The facility was built to house a maximum of three 1.2 mgd RO trains, for a total capacity of 3.6 mgd. Currently there are two installed trains; the second one was commissioned in 2007. Both trains use the KMS MAGNUM® 8060-HR-575 elements. After the water is pumped from the newer, deeper water source, booster pumps increase the pressure to provide the proper operating pressure for pre-treatment with sulphuric acid to keep the pH low; the lower pH helps keep the hydrogen sulfide gas in the well water throughout the process. An anti-scalant is then added to prevent the formation of carbonates, after which the water travels through a pre-filter (one micron), before going to the high pressure pump which increases the pressure to the RO membranes.

Once at high pressure, about 276 pounds per square inch (psi), the water is forced through the semi-permeable membranes to separate the impurities; the filtered water or permeate passes through the membrane and the concentrate is sent to waste and discharged. The permeate from the RO is pumped to the clearwell, or finished water tank, where it's mixed with the 2.74 mgd of water still being drawn from the upper aquifer and going through a filtered system; the entire mix is then treated via the older filtration process, then goes into a clear well.

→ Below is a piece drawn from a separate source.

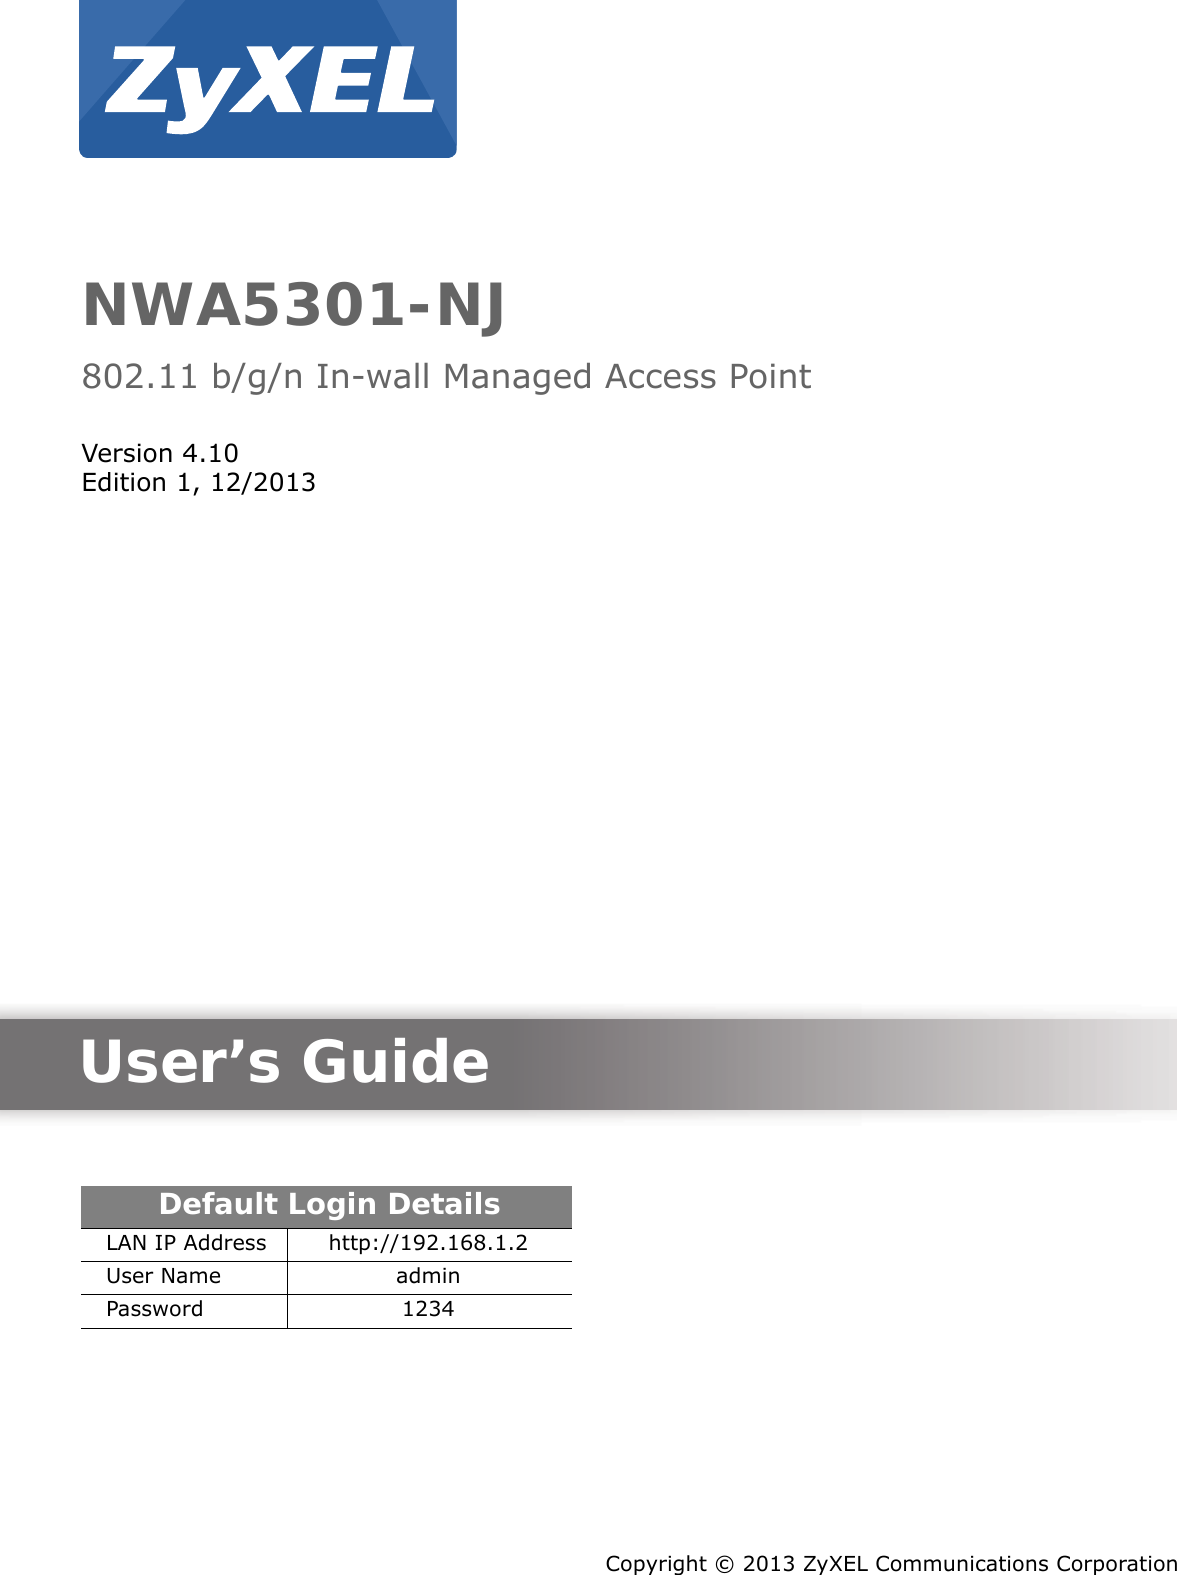 Quick Start Guidewww.zyxel.comNWA5301-NJ802.11 b/g/n In-wall Managed Access PointVersion 4.10Edition 1, 12/2013Copyright © 2013 ZyXEL Communications CorporationUser’s GuideDefault Login DetailsLAN IP Address http://192.168.1.2User Name adminPassword 1234

The entire water treatment system is fully treated with chlorine and computer-driven; any out-of-range conditions are immediately communicated to plant operators for remediation or shutdown. This RO permeate is a very high-quality water, more like a distilled water, which makes it an excellent complement to the older water source.

"Combining the two water sources produces a perfect blend," says Reese. "The older source comes out with a couple hundred parts per million of calcium hardness, which helps improve the taste. By blending it with the newer source, we still have enough calcium for taste concerns but overall it's a purer end product. And with over 5.1 mgd of total capacity, we're more than satisfying the needs of our customers, even in times of peak demand."